Discipline was released on February 26, 2008 by Island Records; its deluxe edition, which included a bonus DVD, was released simultaneously. Jackson promoted the album through televised performances on Good Morning America, The Ellen DeGeneres Show and MTV's Total Request Live. Her performance on Total Request Live was her first MTV appearance in six years, following her being blacklisted by the network due to the Super Bowl halftime show incident in 2004. She was also scheduled to perform on Saturday Night Live but cancelled it due to illness. Performances on Jimmy Kimmel Live and at the London nightclub G-A-Y were also initially planned. The album was also promoted during an appearance on Larry King Live. On March 31, 2008, an edition of Discipline in environmentally-friendly packaging was released exclusively in Walmart as a part of a "green" promotion. Island Records officially ended the promotion of the album by June 2008. Later, Jackson performed "Luv" in a medley with "Rhythm Nation" on the ABC special America United: In Support of Our Troops on September 7.

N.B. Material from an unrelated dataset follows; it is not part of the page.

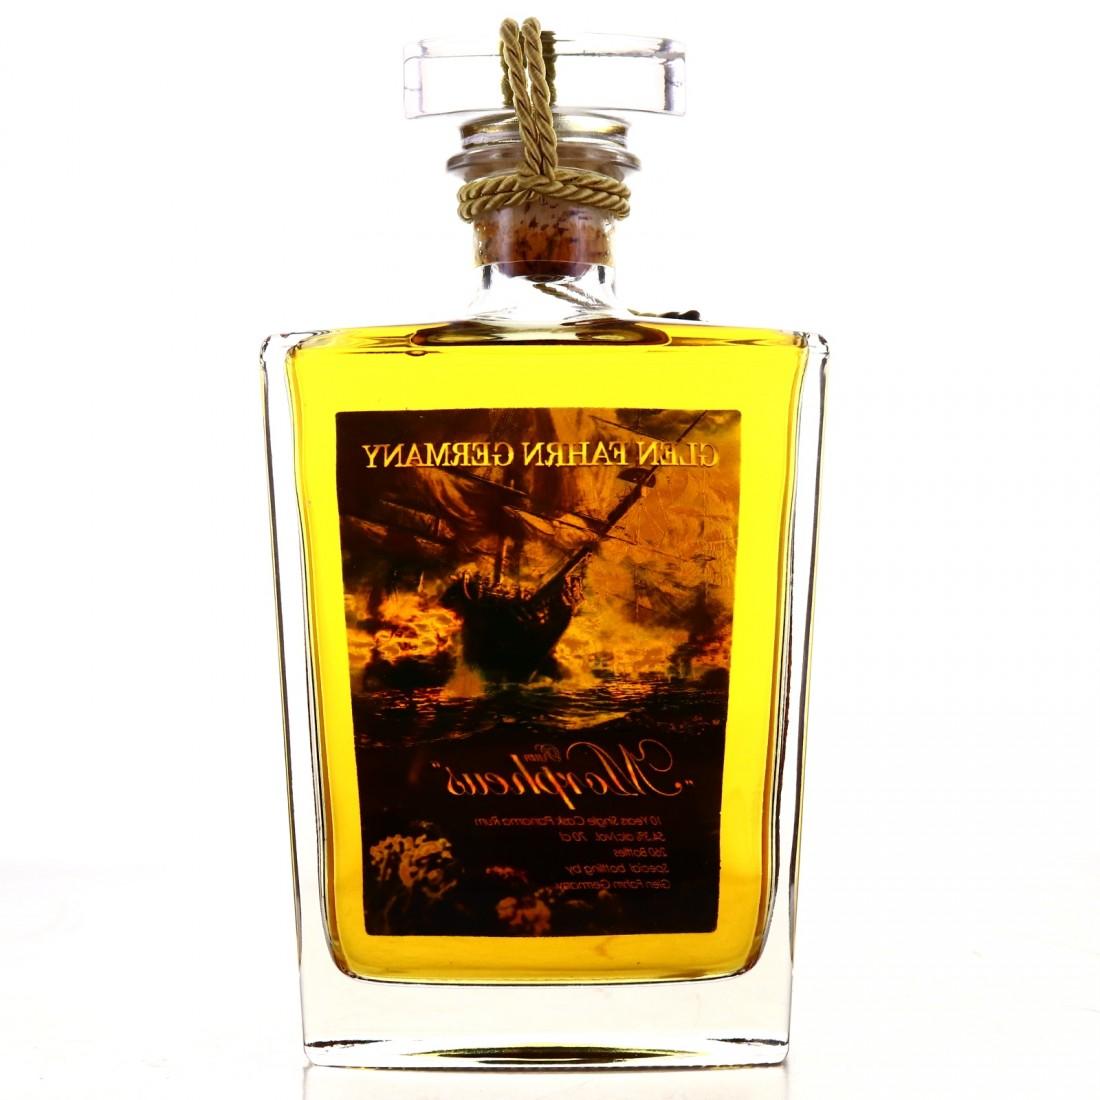 Morpheus 10 Year Old Panamanian Rum Glen Fahrn Germany

Although the album promotion stopped in June, Jackson's fifth concert tour—the North American Rock Witchu Tour, with the support of Live Nation—began on September 10, 2008. Amy O'Brian of The Vancouver Sun described Jackson's stage show at the GM Place as a "high-voltage performance". According to O'Brian, "[w]ith an ear-piercing blast of pyrotechnics, a fog of thick cloud and dancers that popped up out of the stage and runway, Jackson proved within the first minutes that she didn't choose the low-budget route for her Rock Witchu Tour." Similarly, Jim Harrington of The Oakland Tribune offered a positive review, stating: "Like Jackson's previous tours, 'Rock Witchu' was a flashy, high-budget extravaganza built on well-choreographed dance routines and plenty of theatrics." The initial response to the tour was positive, with sold-out shows in Los Angeles and Las Vegas. Supporting acts for the show included LL Cool J and Donnie Klang. Jackson had to reschedule nine dates on the first leg of the tour due to vestibular migraines. However, on November 4, 2008, Jackson canceled seven of the nine shows which had been rescheduled, citing scheduling conflicts. On November 19, it was announced that Jackson would bring the tour to Japan for a series of five shows in Saitama, Nagoya, Osaka, and Fukuoka in February 2009, but all five dates were canceled. Due to the cancellations, the tour's final date was on November 1, 2008, in New York City.

==Singles==
The album's lead single "Feedback", was released for digital download in December 2007. In the United States, the song reached number nineteen on the Billboard Hot 100, number thirty-nine on the Hot R&B/Hip-Hop Songs, and number twenty-three on the Pop 100, becoming Jackson's best charting single since "Someone to Call My Lover" (2001). The song was also successful in Canada and South Africa where it peaked at numbers three and eight, respectively. Due to a rushed release and no international promotion, the song failed to chart highly in European countries, peaking at number thirty-six in France and thirty-two in Ireland, but reaching the top five in Greece.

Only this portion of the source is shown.